The idea that the “yellow vests’ movement” – always thought of as an ordered and unique entity – had at the beginning “legitimate claims”, which then dissolved into “gratuitous violence” has become a tirelessly repeated constant in the media, and by their viewers.

Note that the expression “legitimate claims” is always elliptical: the media are content to evoke a legitimacy, without ever specifying, even allusively, the content of these claims – a pretty sleight of hand that dispenses these media with questioning themselves on the political background of the movement, to only criticize its form.

In other words, we must be wary of all those who use the expression “legitimate claims”: it is often, but not always, to disqualify the movement, to avoid any proper political thinking.

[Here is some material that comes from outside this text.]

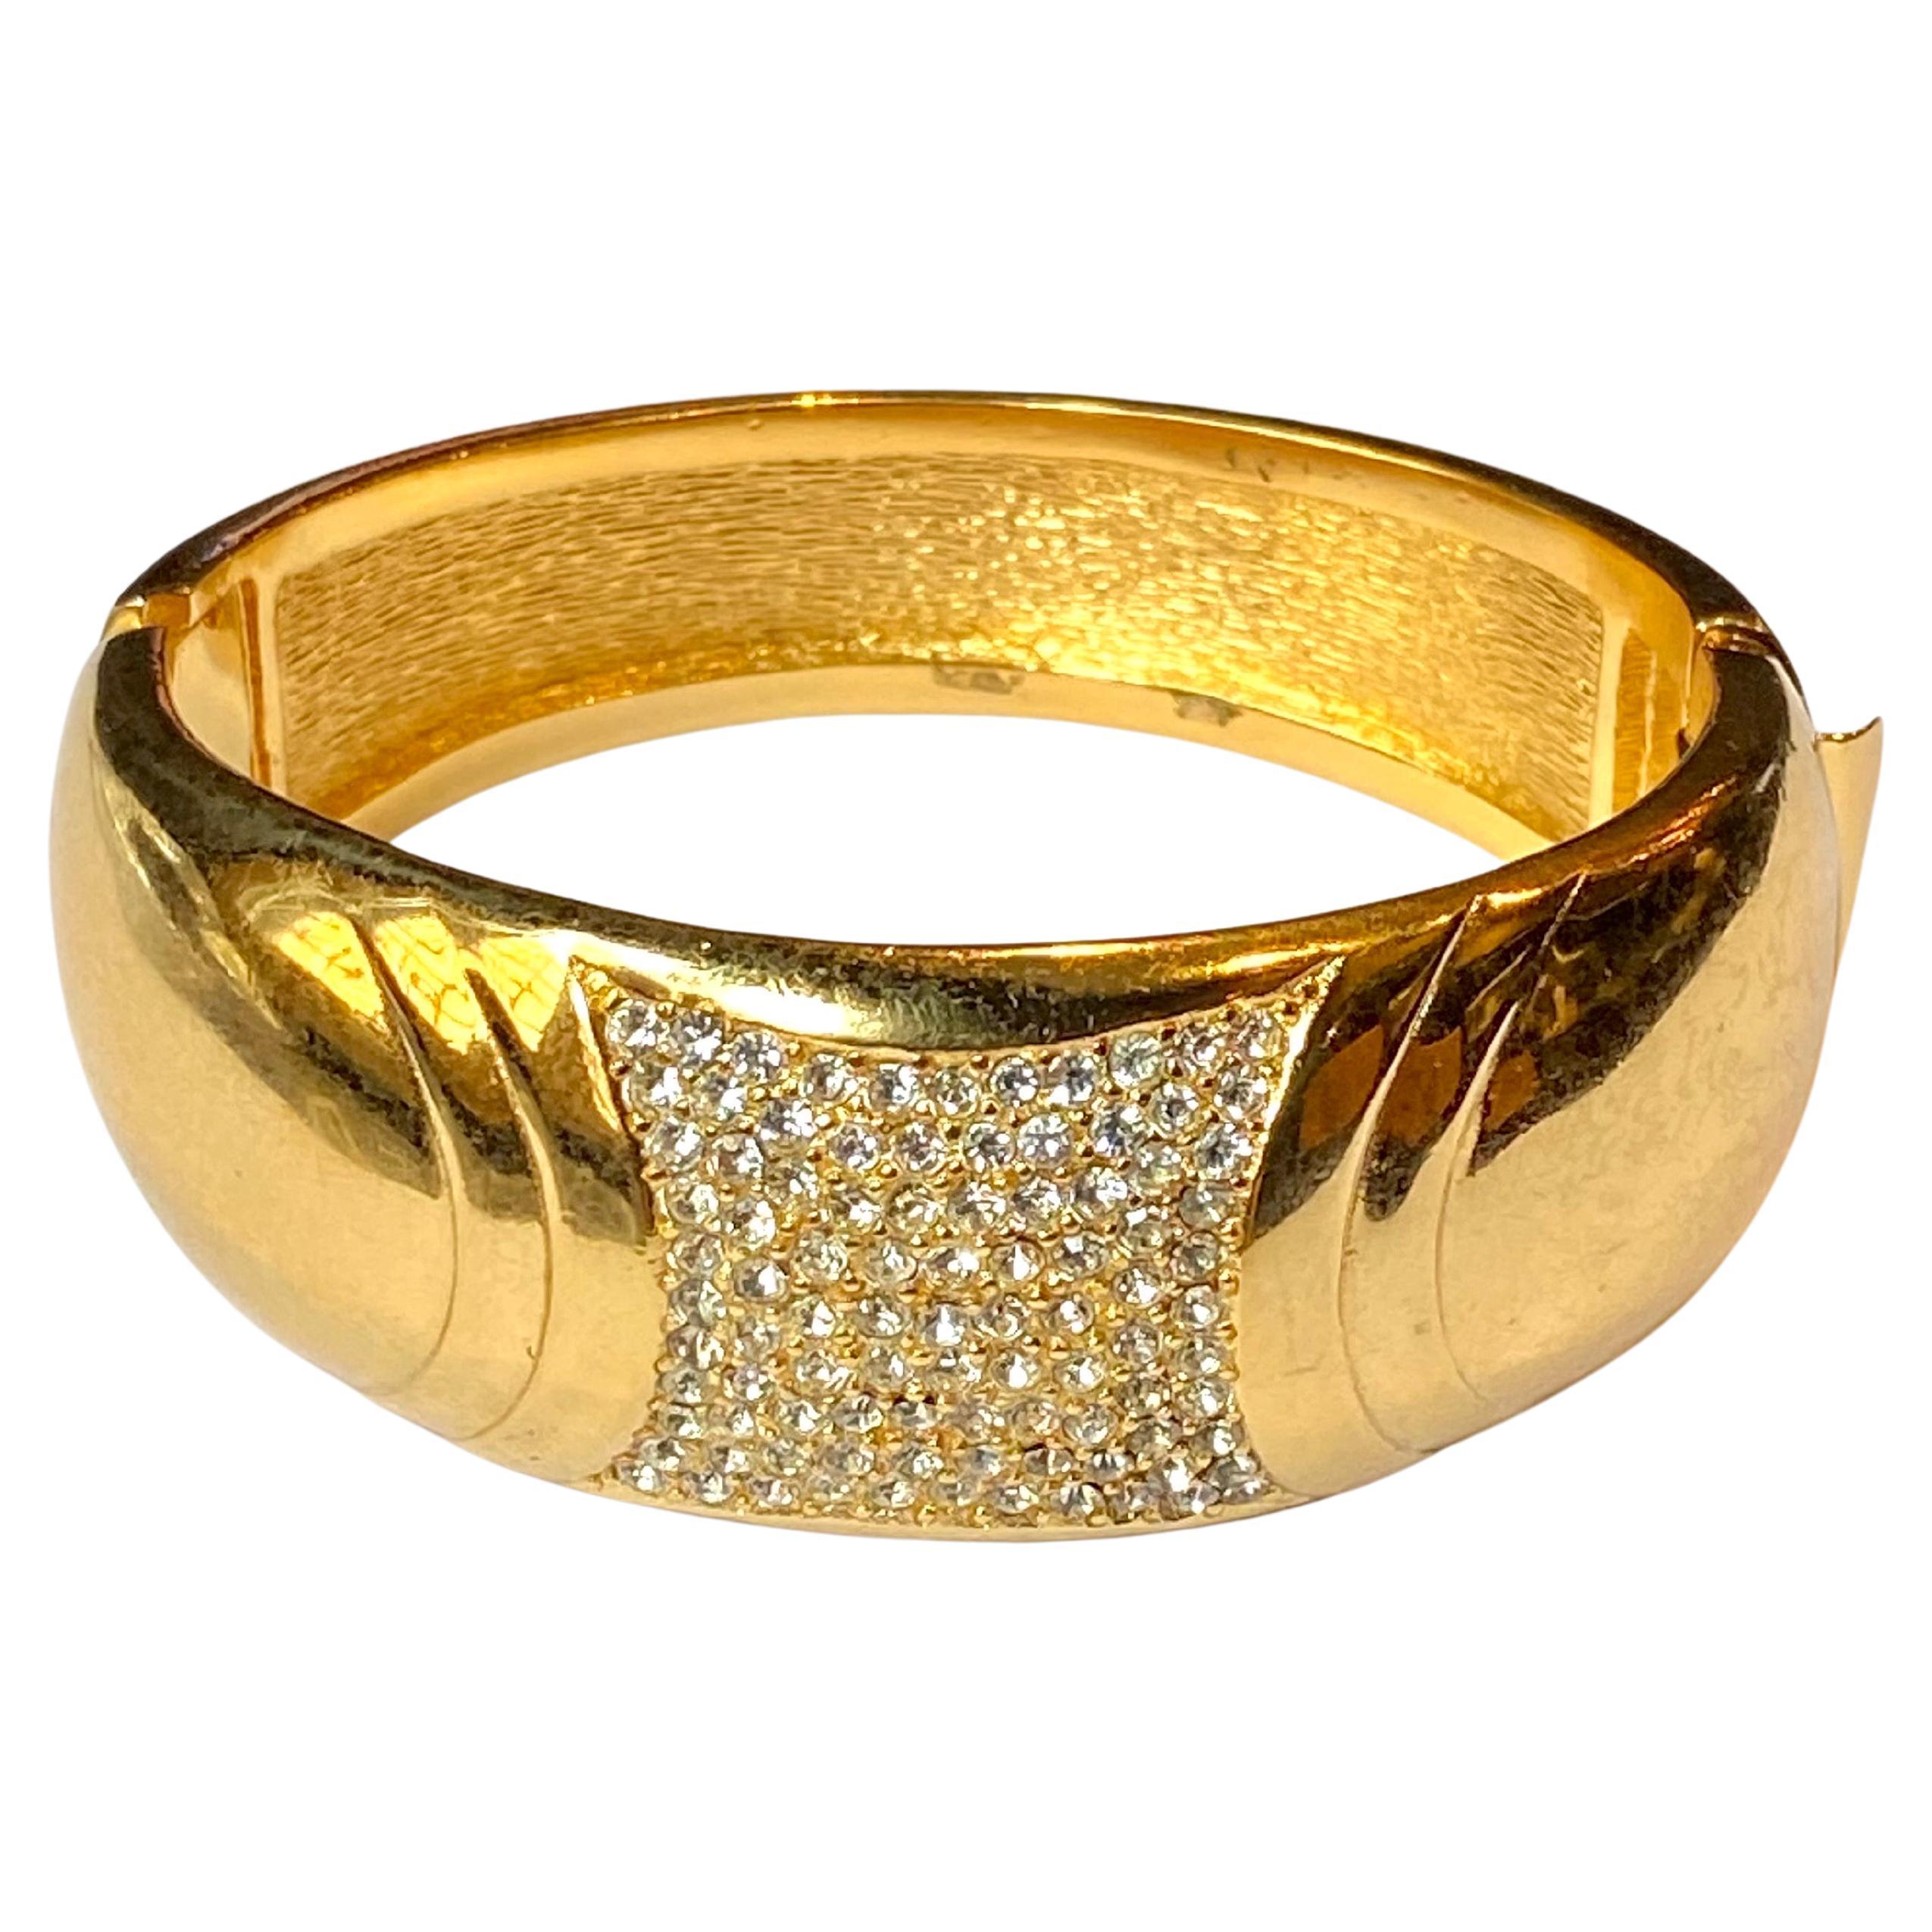 Christian Dior 1980s Gold with Rhinestone Art Deco Style Bangle Bracelet

The media criticism of “gratuitous violence” is based on the assumption that all action is directed towards a goal that can be represented a priori, towards concrete demands, and the legitimacy of this action is therefore measured and judged, not by its cause, but by its goal. Violence is always analyzed in relation to its purpose, in relation to its demands (just as sexual desires would be directed towards reproduction).

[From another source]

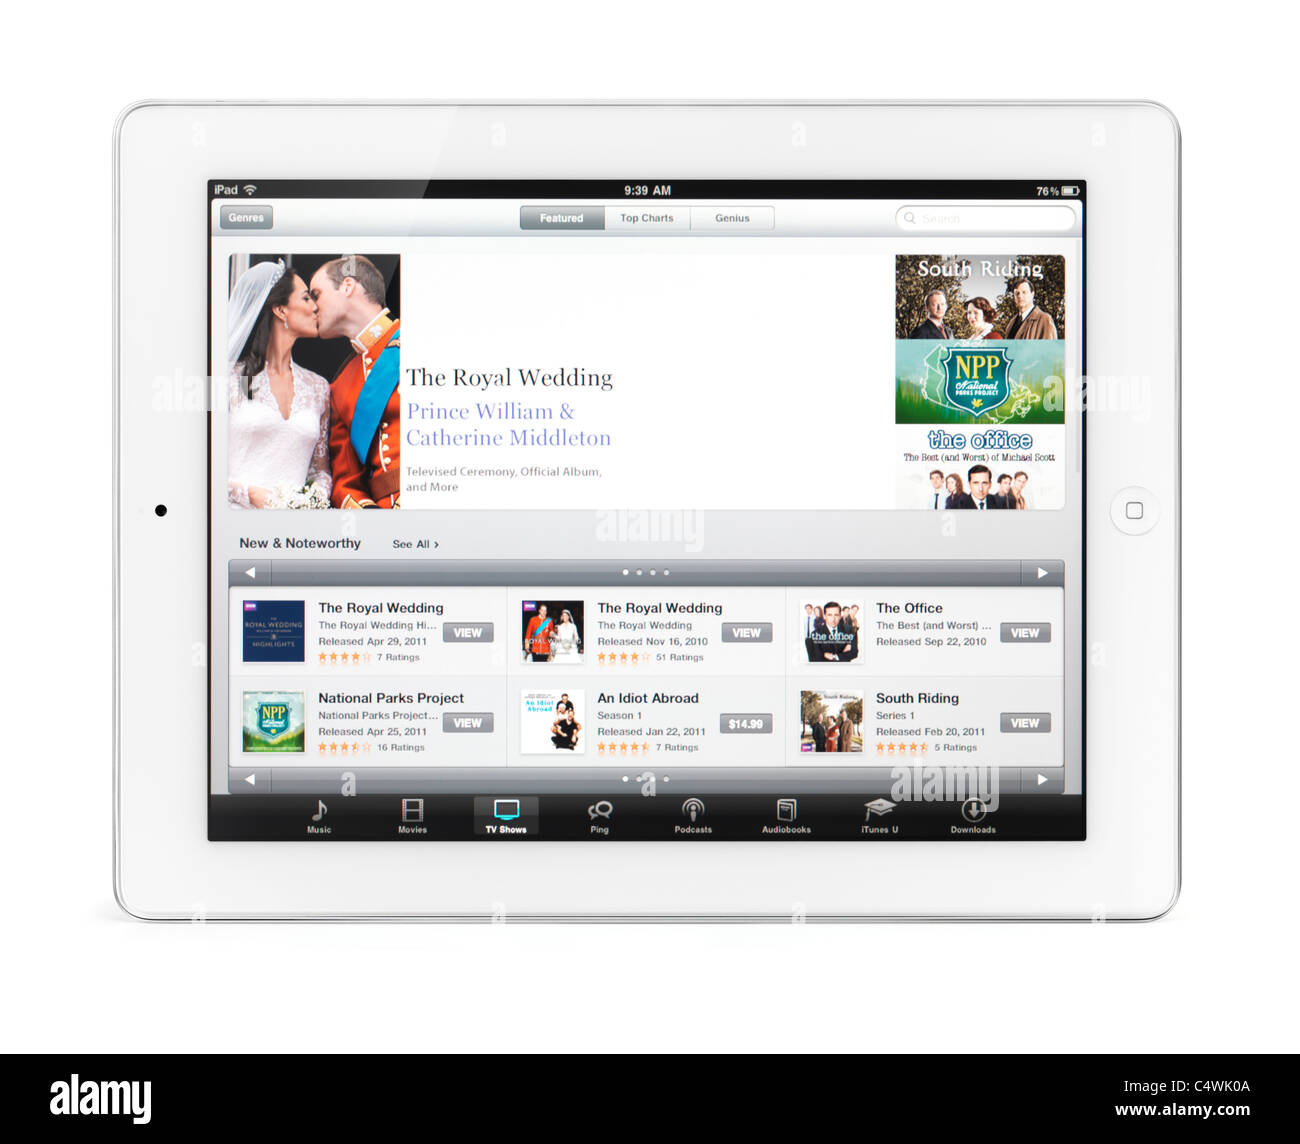 Apple iPad 2 tablet PC con iTunes i programmi TV con la royal wedding sul suo display. Isolato su sfondo bianco. Foto Stock

Western conception, shared by some of the left, notably the Leninist left: the revolutionary vanguard envisaged by Lenin would be avant-garde in that it would allow a priori a clear representation of the goals to be attained by the revolution making revolution an ordered means to those ends.

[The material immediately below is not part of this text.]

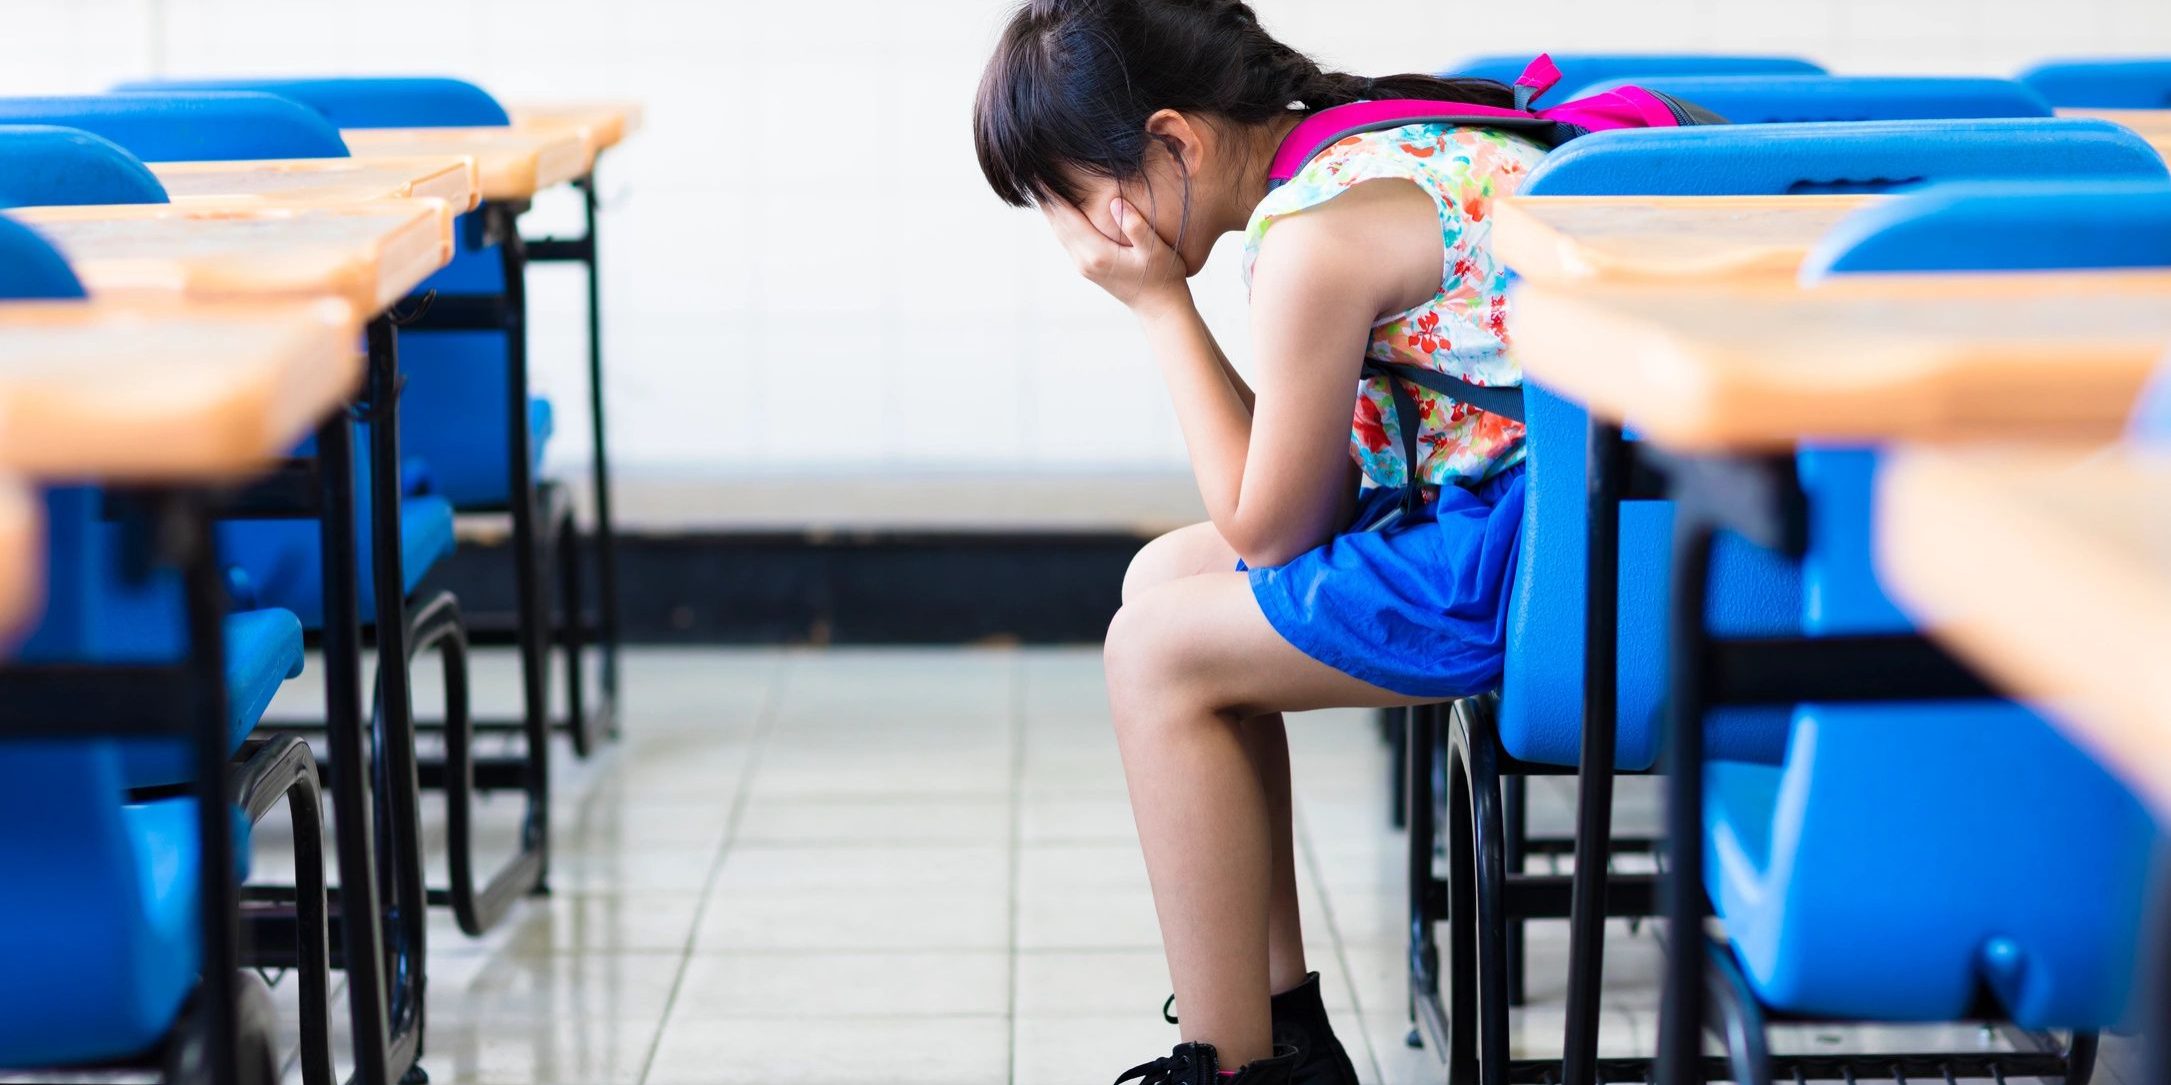 A sad girl sitting inside a classroom

Let us try to think of an aimless violence, that is to say, not gratuitous violence, because there are revolutionary necessities that come from the unlivable, but a violence that does not “propose”, that does not disguise its urgency in the language of law, that is, in the language of power. Violence does not propose, it expresses: anger, disgust, hatred …

This does not disqualify or contradict those on the extreme left who propose models of government; it is not a question of saying that the violent ones do not have concrete demands – some of them – it is to say that the violence is not directed towards these claims.

In other words, the political act that threatens to remove power is the aimless act, which will be called violence.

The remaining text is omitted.